Steps 1-3 formed the basis of a Draft Action Plan (see Read More), yet to address the important steps of what we should improve, and our priorities for taking action, it was necessary to convene a stakeholder workshop. At a meeting held on 11th October 2017—hosted by Forest Research at Alice Holt Lodge—senior representatives from 24 organisations (see box) gathered to devise strategies to tackle steps 4 and 5.

With thanks to delegates representing:

BIFOR, Confor, Deer Initiative, Egger, Euroforest, Forest of Marston Vale, Forest Research, Forestry Commission England, Forest Enterprise England, Future Trees Trust, Grown in Britain, Institute of Chartered Foresters, Lockhart Garratt, Martin Glynn, National Forest, National Trust, Natural England, Royal Forestry Society, Small Woods, Sylva Foundation, Tubex, Tilhill Forestry, Woodland Heritage, Woodland Trust.

After an opening address by Forestry Commission Chairman Sir Harry Studholme, an introduction to the FCCWG by its Chairman Simon Lloyd (Chief Executive, Royal Forestry Society), and an overview of the changes ahead from James Morison (Climate Change Science Group Leader, Forest Research), delegates were soon hard at work.

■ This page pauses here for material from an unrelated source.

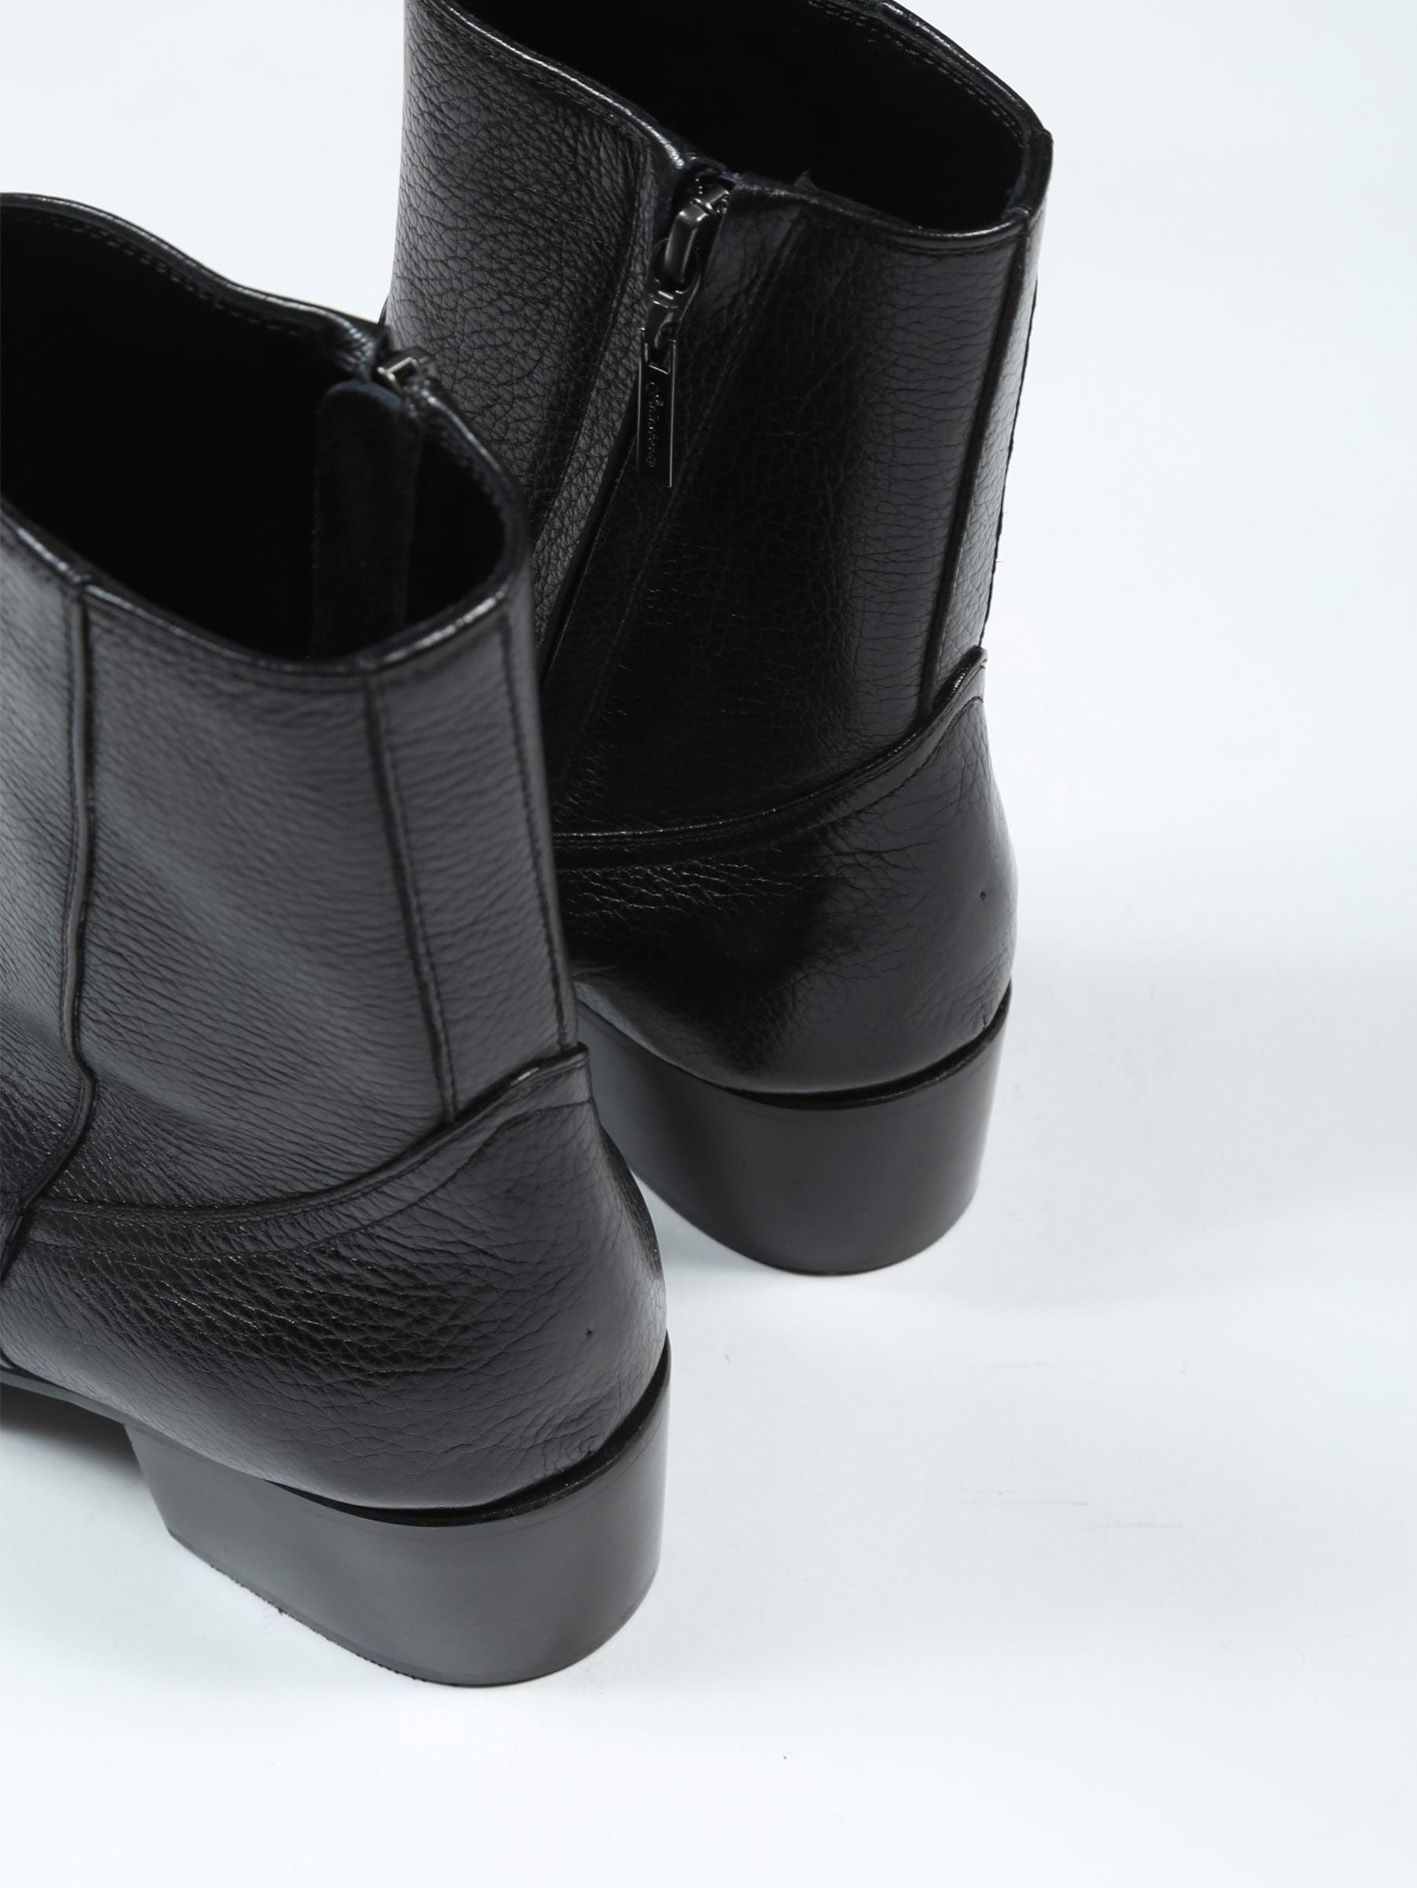 GalaabenD - エンボス 5cm ヒールブーツ - Emboss Heel Boots - Black

Gabriel Hemery and Gill Petrokofsky, both from Sylva Foundation, managed the café-style brainstorming. Small groups tackled each of the 18 UKFS factors in turn, identifying priorities for action over the next five years.

Preparing for the next brainstorm session. Photo Gail Atkinson.

Preparing for the next brainstorm session. Photo Gail Atkinson.

 

Next steps

Over the next few months the FCCWG will be reviewing the outcomes of the October workshop. We aim to publish, in early 2018, an Action Plan for Forestry and Climate Change Adaptation. We intend this to be a rolling five-year plan, which will be reviewed annually to assess how well the sector is progress in meeting the agreed actions. Given the degree of commitment shown by organisations to date, we are confident that the actions will be widely adopted and responsibilities shared among stakeholders.

The FCCWG is keen to hear from those who may be interested in being actively involved in its work. In particular, we are aware that the interests of tree nurseries, timber processors, and urban forestry are under-represented.

Ultimately, we are hopeful that the unprecedented collaboration across the sector, together with the sound evidence behind its collective action, will help ensure that the Action Plan is embraced by forestry policy-makers, will influence the commissioning of relevant research, and will empower practitioners to take action.

Read more:

Dr Gabriel Hemery FICFor is Chief Executive of Sylva Foundation, and a member of the Forestry and Climate Change Working Group.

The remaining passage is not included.